─── Given data

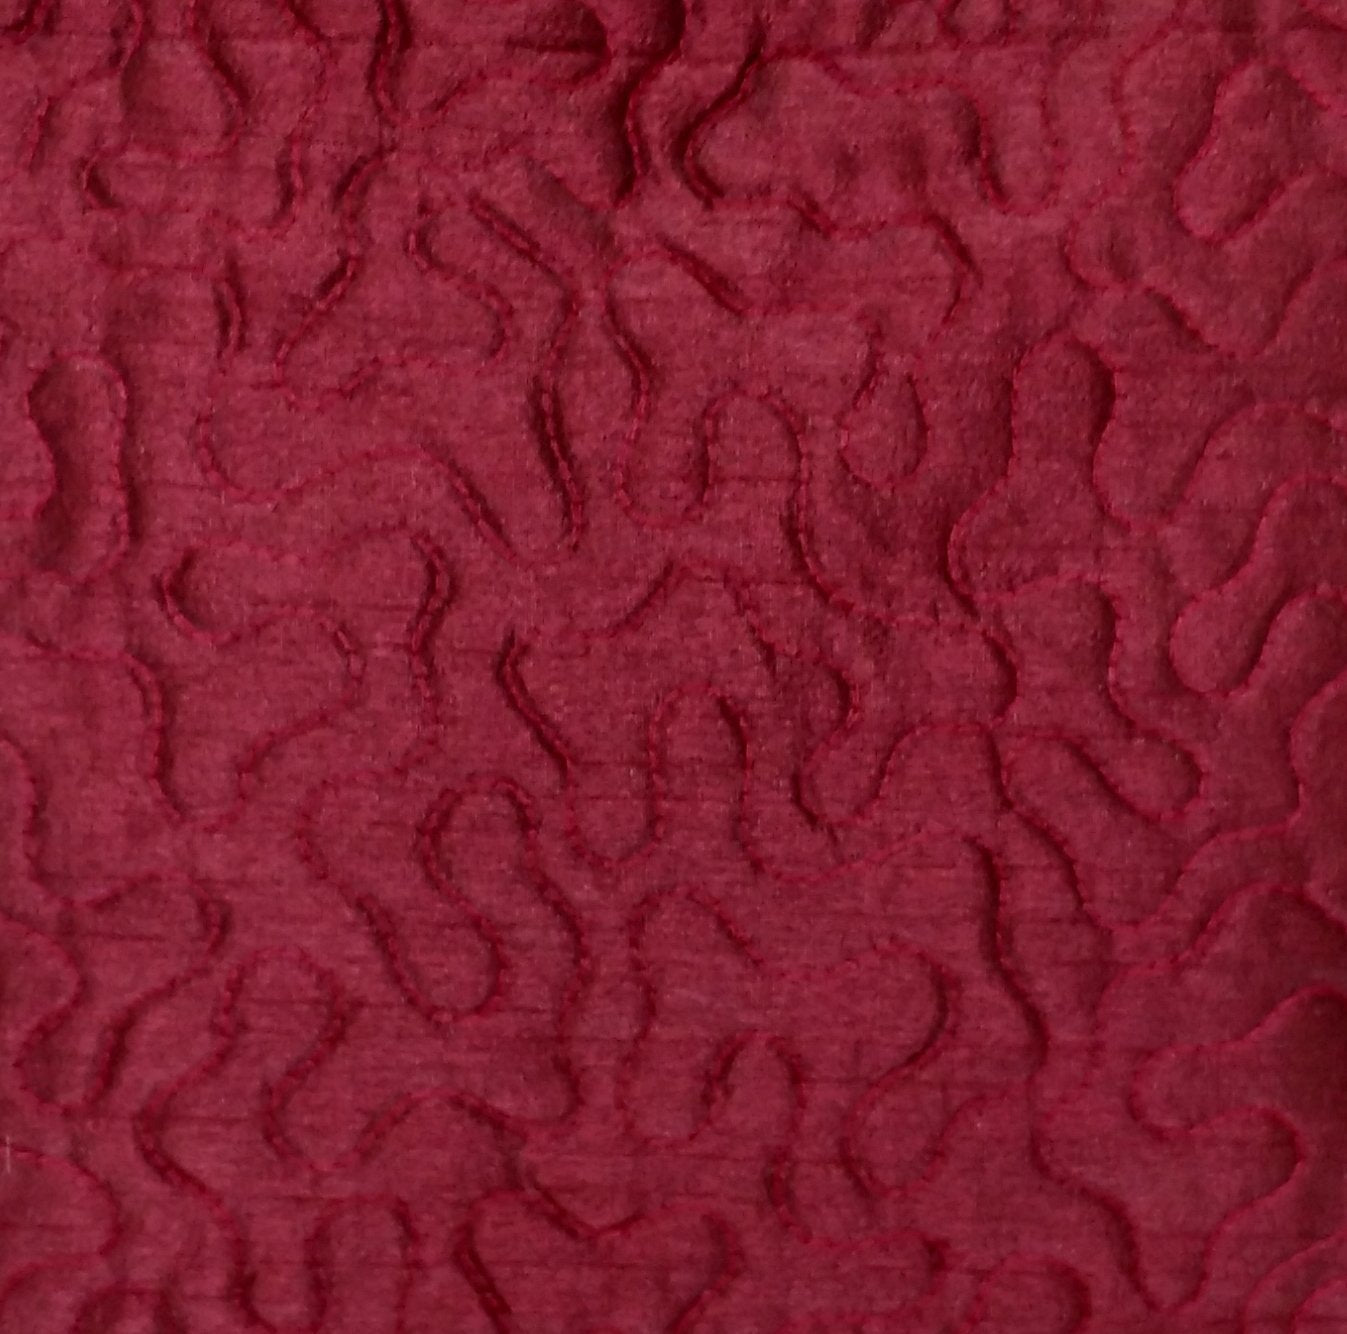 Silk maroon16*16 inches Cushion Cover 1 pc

──────
─── Given data

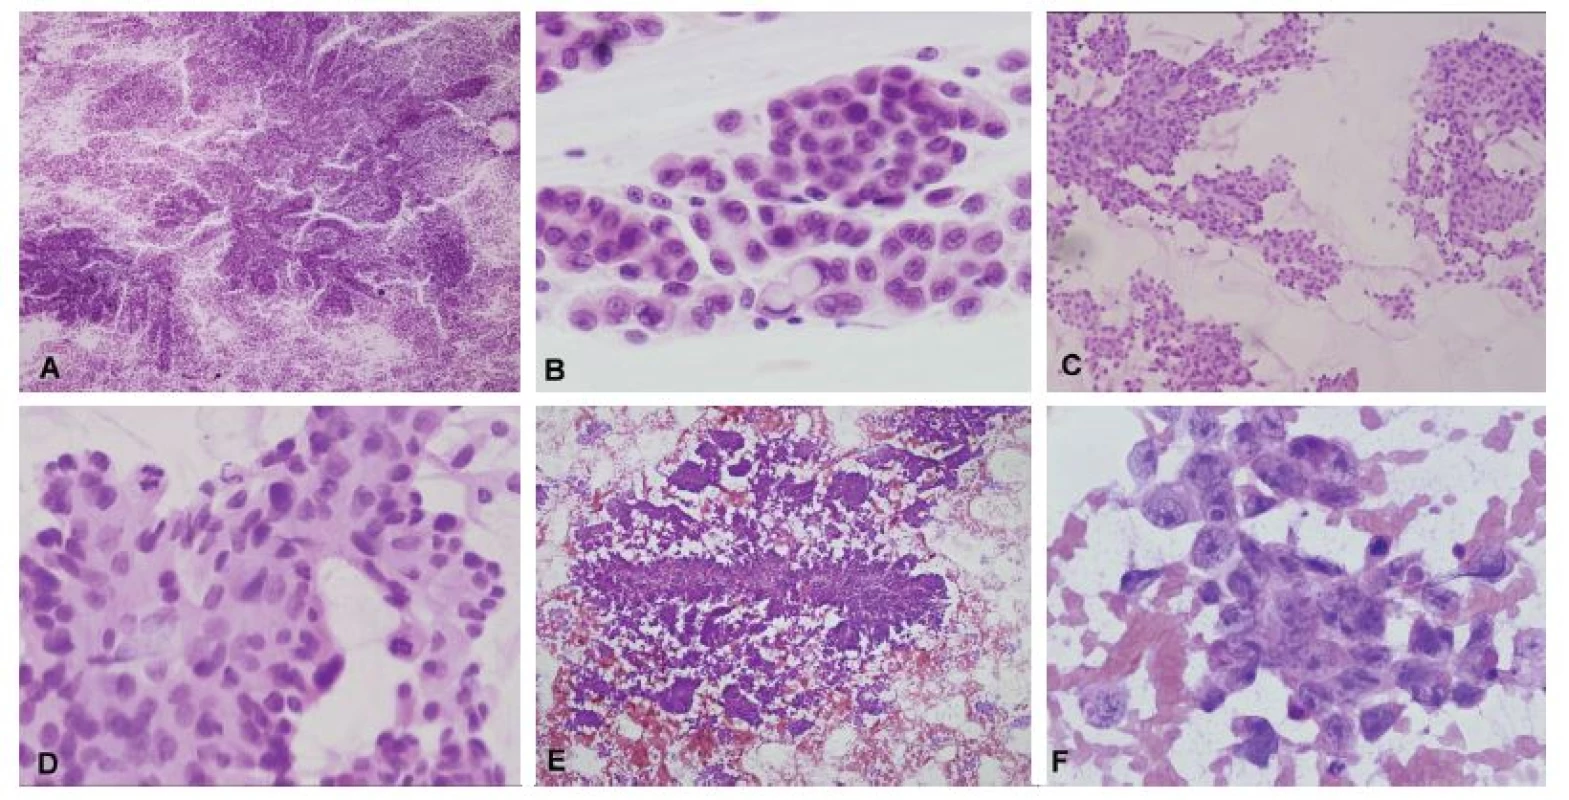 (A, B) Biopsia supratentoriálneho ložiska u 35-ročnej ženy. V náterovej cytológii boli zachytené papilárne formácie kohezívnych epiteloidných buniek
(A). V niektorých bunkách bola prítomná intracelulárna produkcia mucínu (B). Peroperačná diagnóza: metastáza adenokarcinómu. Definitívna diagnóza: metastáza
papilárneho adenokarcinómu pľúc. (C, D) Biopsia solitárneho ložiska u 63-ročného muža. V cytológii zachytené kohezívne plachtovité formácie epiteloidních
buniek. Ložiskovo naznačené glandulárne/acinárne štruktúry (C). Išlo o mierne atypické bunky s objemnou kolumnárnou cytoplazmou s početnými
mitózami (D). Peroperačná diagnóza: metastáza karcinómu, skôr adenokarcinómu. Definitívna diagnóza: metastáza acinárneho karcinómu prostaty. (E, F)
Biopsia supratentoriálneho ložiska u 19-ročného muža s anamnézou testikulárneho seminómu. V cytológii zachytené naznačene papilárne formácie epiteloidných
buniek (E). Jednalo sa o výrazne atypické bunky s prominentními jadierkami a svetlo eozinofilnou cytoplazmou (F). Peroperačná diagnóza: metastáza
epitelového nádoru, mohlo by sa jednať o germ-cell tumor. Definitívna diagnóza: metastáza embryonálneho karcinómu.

──────
─── Given data

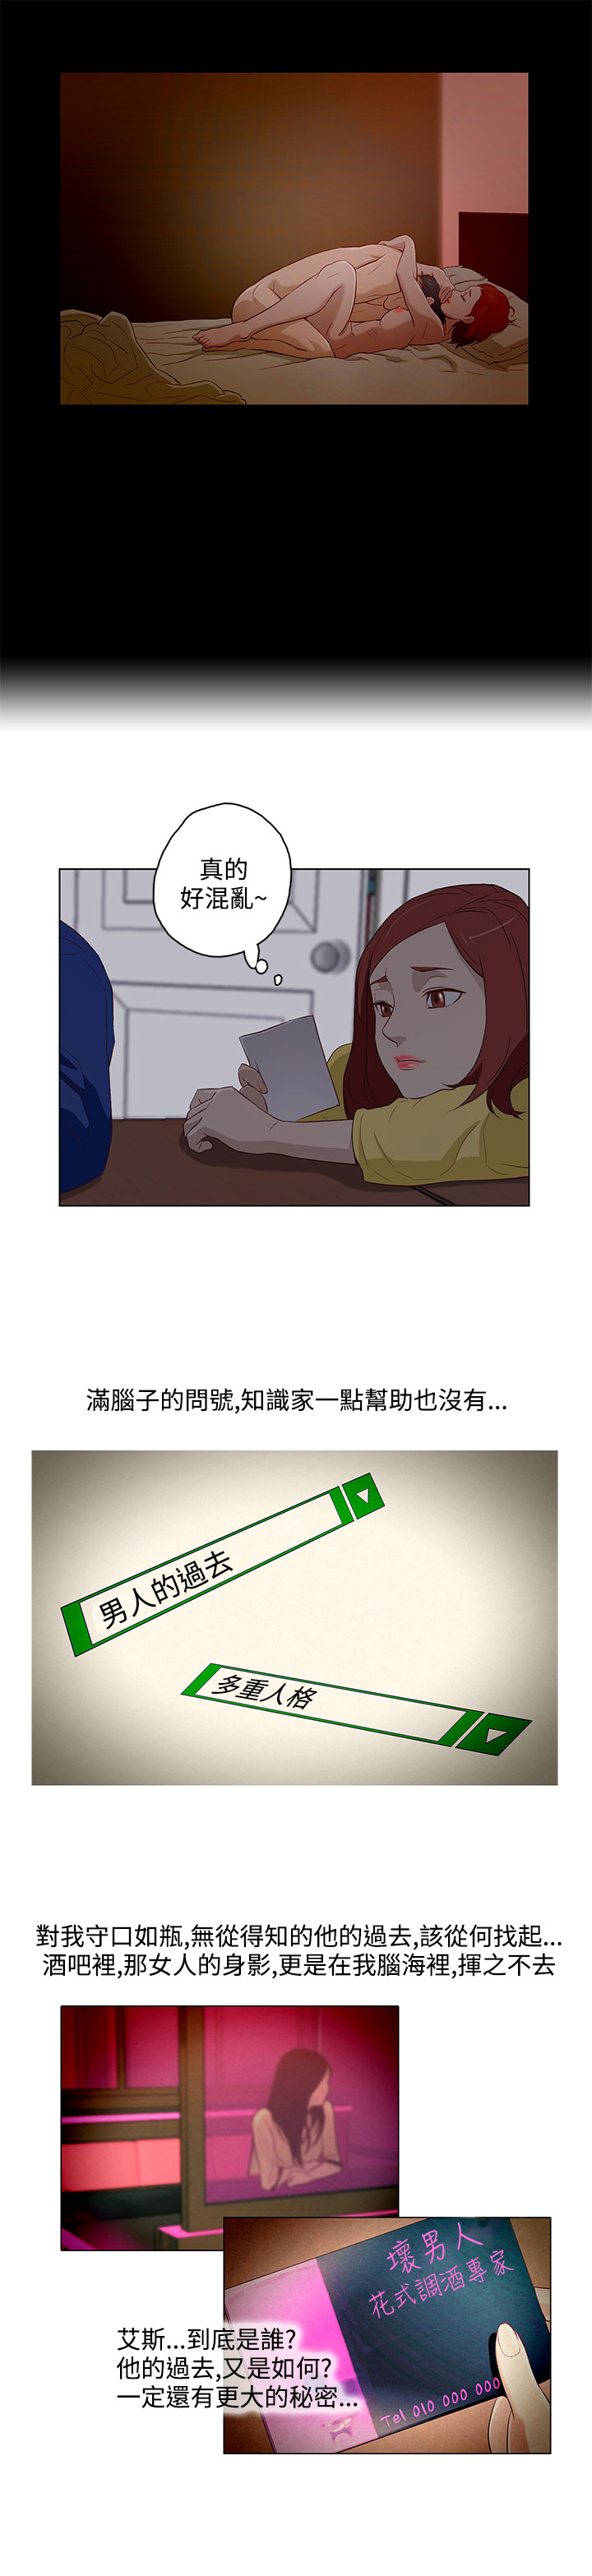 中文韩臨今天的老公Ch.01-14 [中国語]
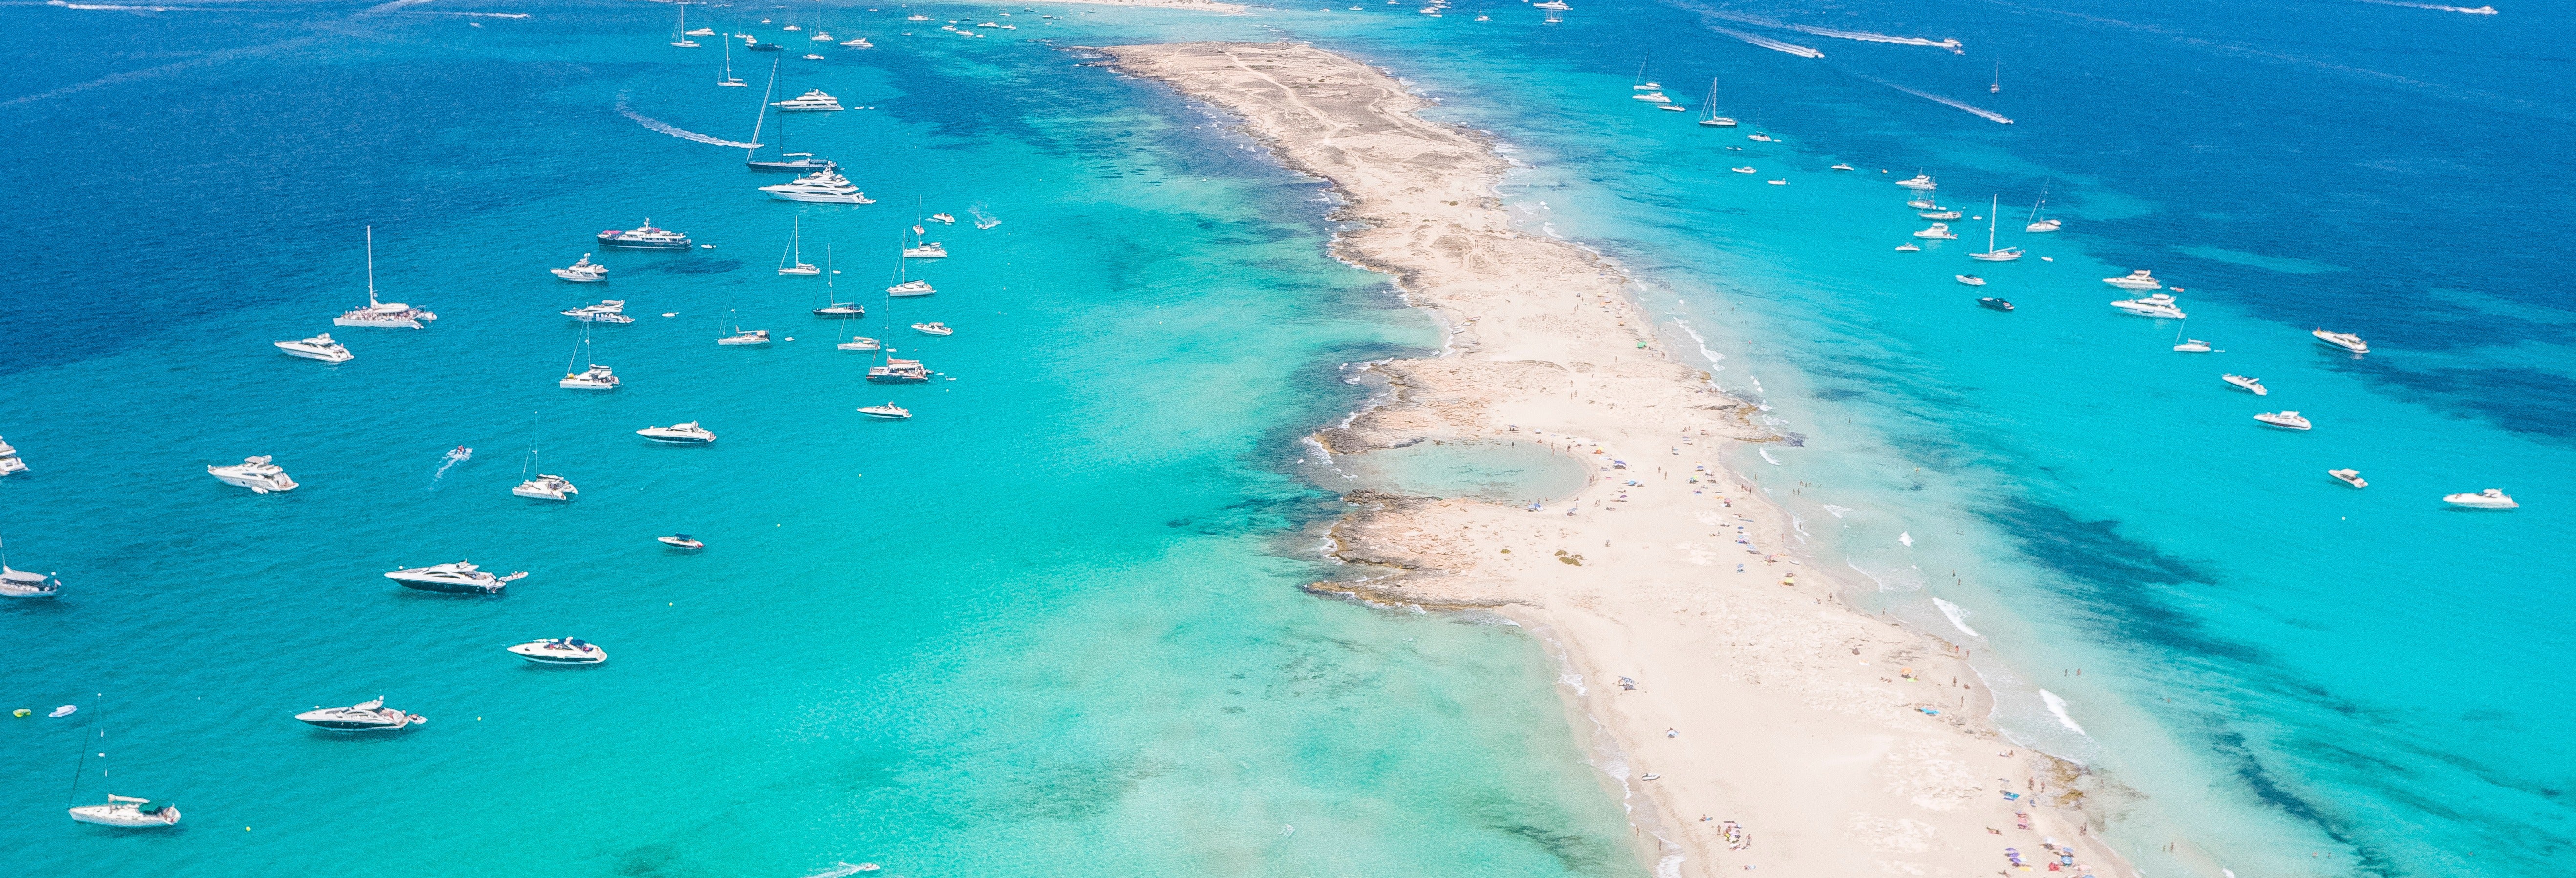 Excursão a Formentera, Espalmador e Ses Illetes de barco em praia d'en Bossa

──────

What this task involves -> From the records above, extract the lines from the one holding "中文韩臨今天的老公Ch.01-14 [中国語]" through the one holding "Excursão a Formentera, Espalmador", word for word; omit the pictures.

Exercise output ->
 中文韩臨今天的老公Ch.01-14 [中国語]
 Excursão a Formentera, Espalmador e Ses Illetes de barco em praia d'en Bossa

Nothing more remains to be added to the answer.